# Need Aquascape photos (Malmo Aquarium Society)



## daniel_sweden (Oct 26, 2011)

Hello all!

This is my first post. I hope I am not breaking any rules posting it.

Malmo Aquarium Society arranges the first Aquascape show in Sweden on November 4-6. It is a part of our large exhibition celebrating our 85th anniversary.

For marketing purposes we are desperately in need of a few good photographs of aquascaped aquariums. As a non-profit organisation our budget is almost non-existent...  We arrange this show to show how exiting and rewarding the aquarium hobby and aquascaping in particular can be.

We think that the aquascaping show could be of interest also those that have no interest in traditional aquariums. The problem is communicating what aquascaping is. Most people just think of not very exiting community tanks when they hear the word aquarium.

So, we need a few good photographs. Unfortunately we have no member in our club with an interest in photography that has photograph aquascaped tanks.

Have you taken any good photographs of aquascaped tanks that you could consider letting us use for the marketing of Swedens first aquascape show?

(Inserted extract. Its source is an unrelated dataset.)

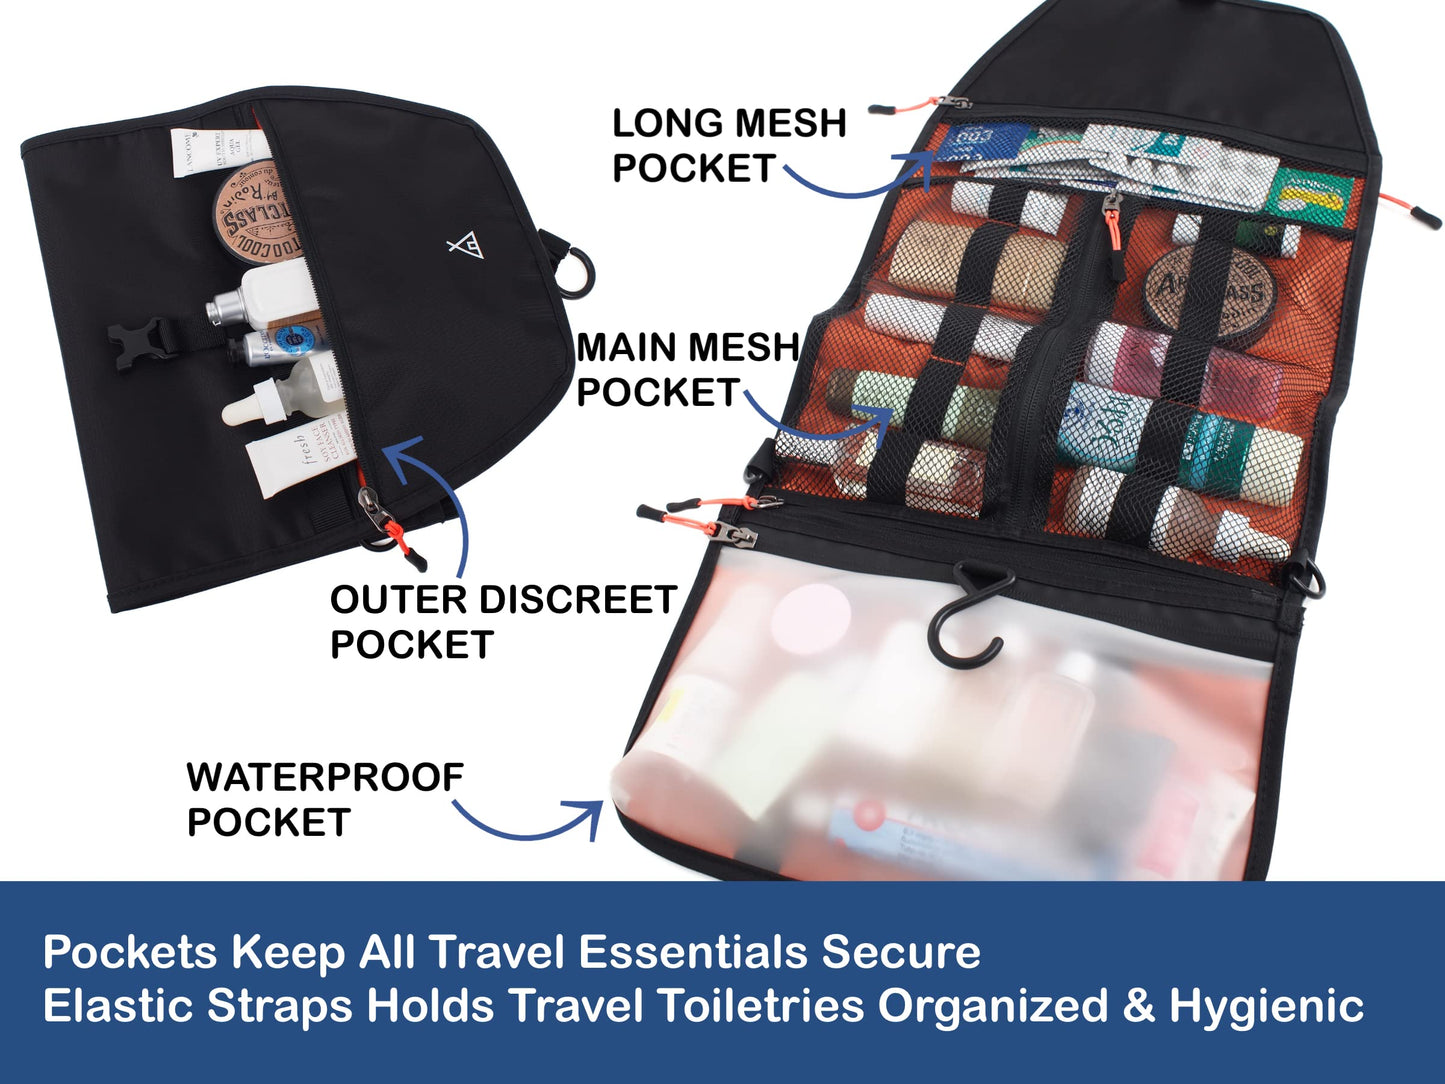 Compact Travel Toiletry Bag, Hanging Toiletry Bag for Men, Roll Up Dopp Kit Bathroom Shaving Shower Medicine Hygiene Bag for Traveling, Waterproof Lightweight Organizer for Gym Camping Grooming, Black

We would only use the photo for this purpose, and only for a limited time. We cannot offer any payment but of course you would get credit as the photographer. If you make it to the show you will get free entrance if we use your picture. 

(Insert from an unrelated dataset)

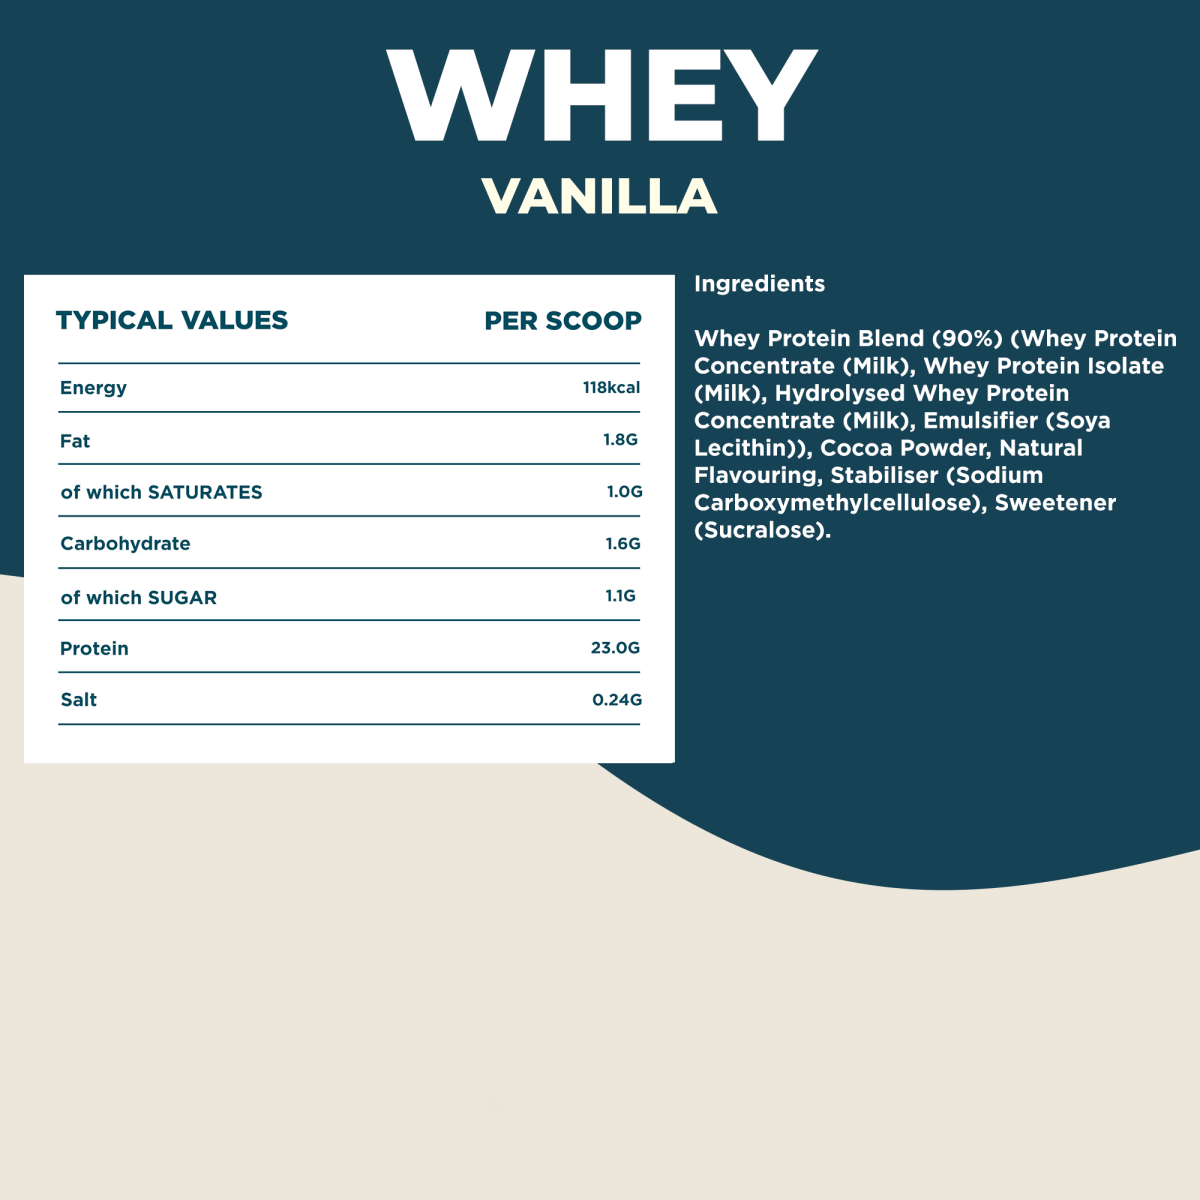 Whey Protein Vanilla 300g - #kinetica-sports#

We need photos for the following purposes:

1. The Malmo Aquarium Society home page http://www.malmoakvarieforening.se 
2. The home page of the Aquascape show, Aquatic Green Art: och http://www.aquaticgreenart.com 
3. The facebook event: https://www.facebook.com/event.php?eid=282905868405467 
4. A press release for newspapers and local TV-stations.

Please let me know if you could help us with photos for all of any of the above.

Do you know of anyone with nice photographs that might want to help us? Please let them know about this! 

Thanks!
Daniel Lindström 
Board member, Malmo Aquarium Society, Sweden


----------